Low-income residents in the Triangle can receive $14.99 basic internet service from Spectrum. But only if they know to ask for it.
When Charter Communications bought Time Warner Cable last year, the Connecticut-based cable giant promised to continue offering the low-cost service in 41 states, including North Carolina.
But low-income people are not told about the service, called Spectrum Internet Assist. Advocates for the poor in the Triangle suspect that many households that are eligible for the discount are not getting it and unnecessarily paying about $40 a month more.
Meagan Clawar, a program manager with UNC’s Refugee Community Partnership, discovered the problem when helping an immigrant family in Chapel Hill negotiate an internet rate with Spectrum, the brand name Charter uses for its service. She has since found three more immigrant families who were not quoted Spectrum’s lowest rate and are either going without internet service or paying a higher price.
Never miss a local story.
Clawar plans to tell low-income residents she works with how to sign up for the program, and will also be notifying public housing managers and social-service volunteers to spread the word to low-income tenants.
“If they’re not telling people, that’s wrong,” Clawar said. “I just thought it was a huge injustice.”
Clawar’s crash course started with old-fashioned haggling. On her first call to Spectrum’s customer service last week, Clawar asked for the lowest-cost internet available, and was cited $54.99. Clawar tried explaining this family of four, with one parent working a minimum-wage kitchen job, could not afford that amount.
When she found that a neighboring family had a lower Spectrum internet bill, she decided to try again.

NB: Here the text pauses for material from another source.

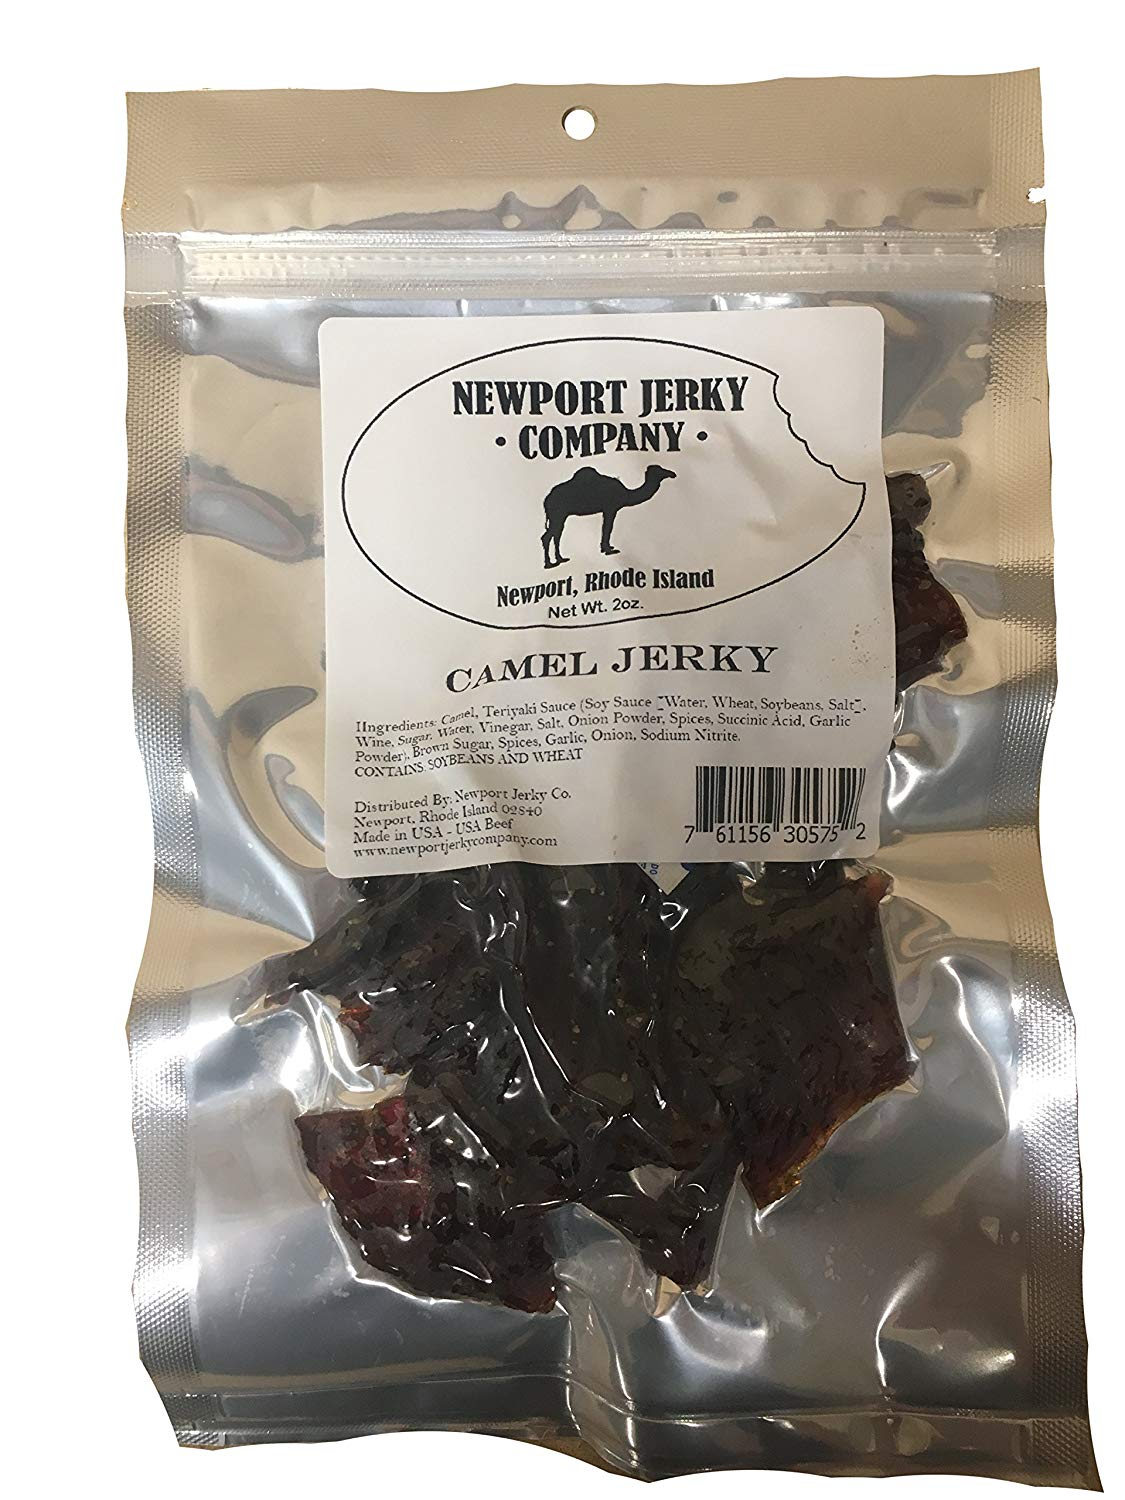 Camels are a dry animal, but now they're even drier.<br><br>Give actual camel jerky a shot <a href="https://amzn.to/2S5eNd8" "nofollow" target="_blank">here</a>.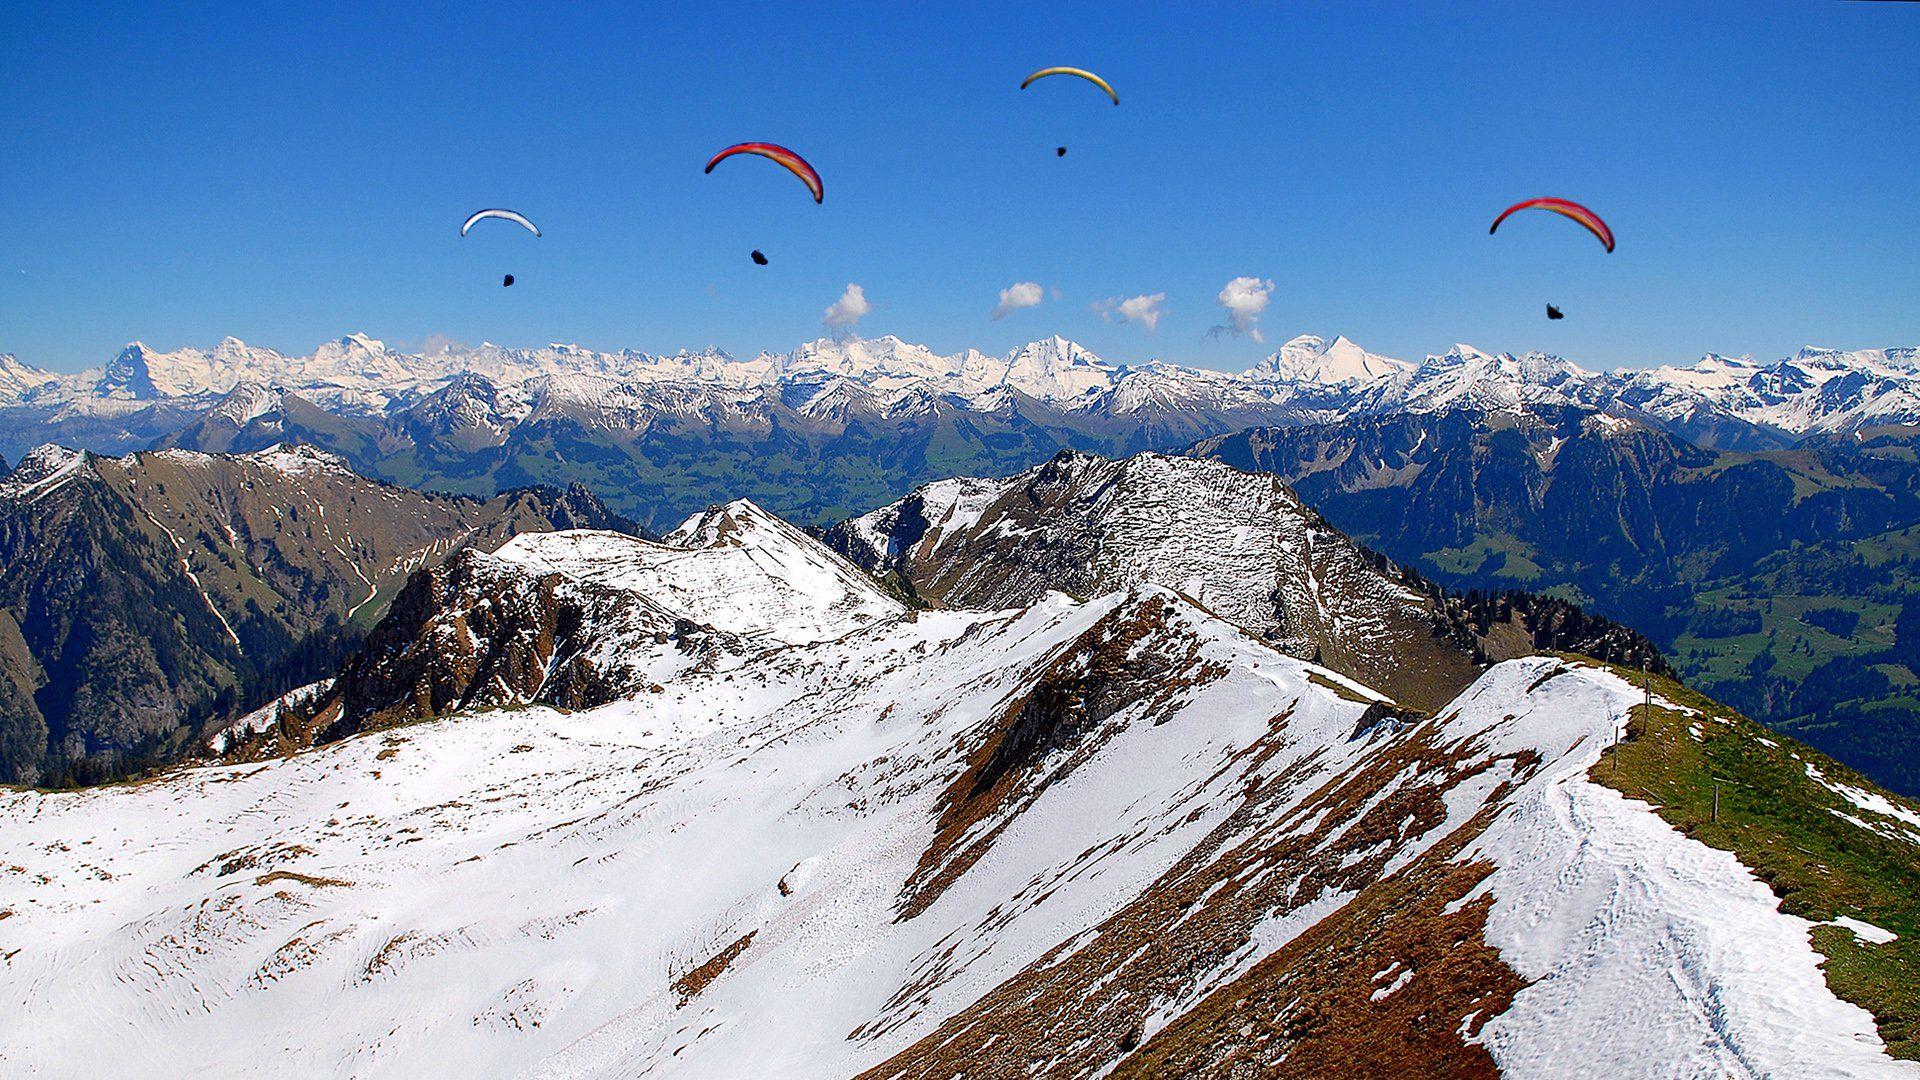 Paragliding Full HD Wallpaper and Backgroundx1080

On her second try, Clawar uttered the magic words, “public housing,” in reference to the family’s living arrangement. The phrase prompted Spectrum’s customer service representative to mention the Spectrum Internet Assist program.
Charter makes Spectrum Internet Assist available to eligible households whose children qualify for free or reduced lunches under the National School Lunch Program, and to low-income people aged 65 and older who receive Supplemental Security Income. Charter charges an extra $5 a month for Wi-Fi. Time Warner Cable had offered a similar program since 2003, called Everyday Low Price Internet, and Charter said it would continue offering its own version.
Charter spokesman Patrick Paterno said the program is available to customers if they specifically ask for it. But if someone who qualifies didn’t know to ask for it – and is paying too much as a result – Spectrum will not correct the error and switch that customer to the lower price, he said.
Instead, the customer has to cancel service and reapply 30 days later, which could also involve a $49.99 installation fee if they are unable to do the installation themselves. He noted that the 30-day waiting period was reduced from the previous limit of 60 days.
“We don’t market Spectrum Internet Assist broadly, as there are very specific eligibility requirements for families and seniors,” Paterno said by email.
Paterno also said the cable provider has recently held public outreach events in Durham, Fayetteville and Sumter, S.C., to promote Spectrum Internet Assist. The Durham event was held May 20 at the Kramden Institute, which trains low-income people on computer literacy. At the event Charter distributed about 60 refurbished computers to families in need.
Spectrum’s lowest prices for people who don’t qualify for Spectrum Internet Assist are $54.99 for stand-alone internet with a speed of 100 megabits per second (Mbps). The $14.99 service has a speed of 30 Mbps.
Clawar said $40 a month represents a significant savings for minimum-wage families with children. She also said an internet connection is no longer a discretionary expenditure but essential for homework, information and a link to the rest of the world.
Charter made a similar point in a December 2015 press release when committing to the $14.99 monthly service.
“Low-income families deserve state-of-the-art fast broadband as much as other families – indeed, they need fast broadband to climb out of poverty,” the release said. “This program seems to be a step in the right direction for improved economic conditions for minority and low-income communities.”